An article appearing in the Wall Street Journal this morning says that an iPhone user’s location data – their coordinates and some timestamps – is automatically collected by the phones, regardless of whether the location-sharing feature on the phone is turned on or off.
The revelation comes after two developers released an iPhone app that maps the information that an iPhone records about a user’s movements. The app doesn’t record anything itself, it only displays files that are already on the iPhone. According to Alasdair Allan and Pete Warden, the developers who made the iPhone app, there are at least two problems with the iPhone collecting location data:
The most immediate problem is that this data is stored in an easily-readable form on your machine. Any other program you run or user with access to your machine can look through it.
The more fundamental problem is that Apple are collecting this information at all. Cell-phone providers collect similar data almost inevitably as part of their operations, but it’s kept behind their firewall. It normally requires a court order to gain access to it, whereas this is available to anyone who can get their hands on your phone or computer.
By passively logging your location without your permission, Apple have made it possible for anyone from a jealous spouse to a private investigator to get a detailed picture of your movements.
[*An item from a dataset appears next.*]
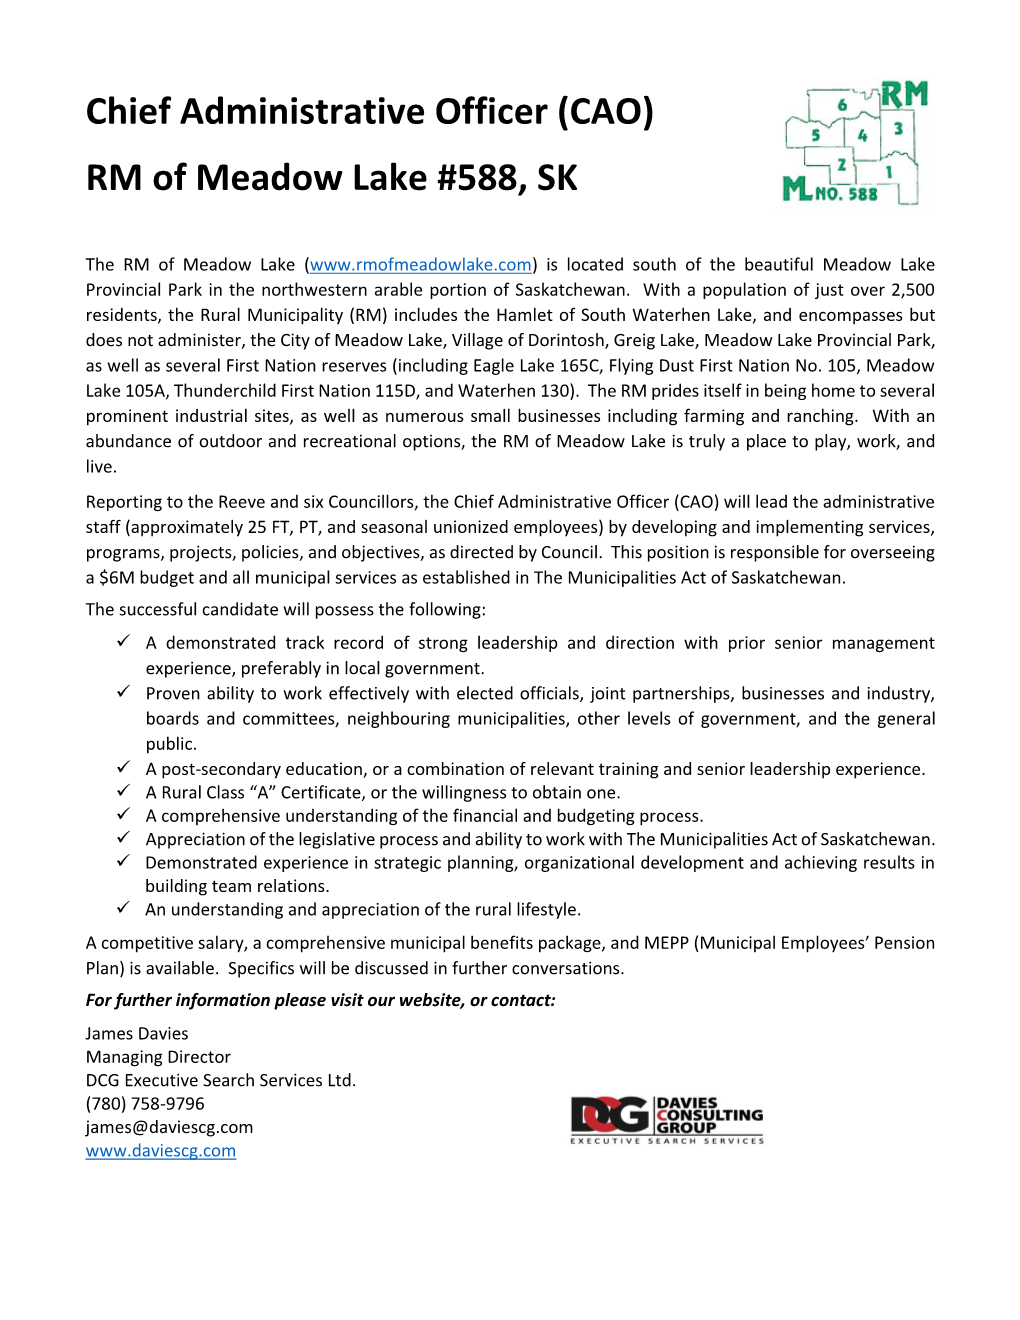 Chief Administrative Officer (CAO) RM of Meadow Lake #588, SK

In response to U.S. Congressional inquiries in 2010 about the privacy of user’s location data, Apple wrote that “location data will not be collected at all for users who have location services turned off.” Today’s article in the WSJ reports that this is not, in fact, the case. While the data may not be transmitted to Apple as it is when location services are on, it appears that regardless of whether location services are on or off, some location data is still collected in the iPhone.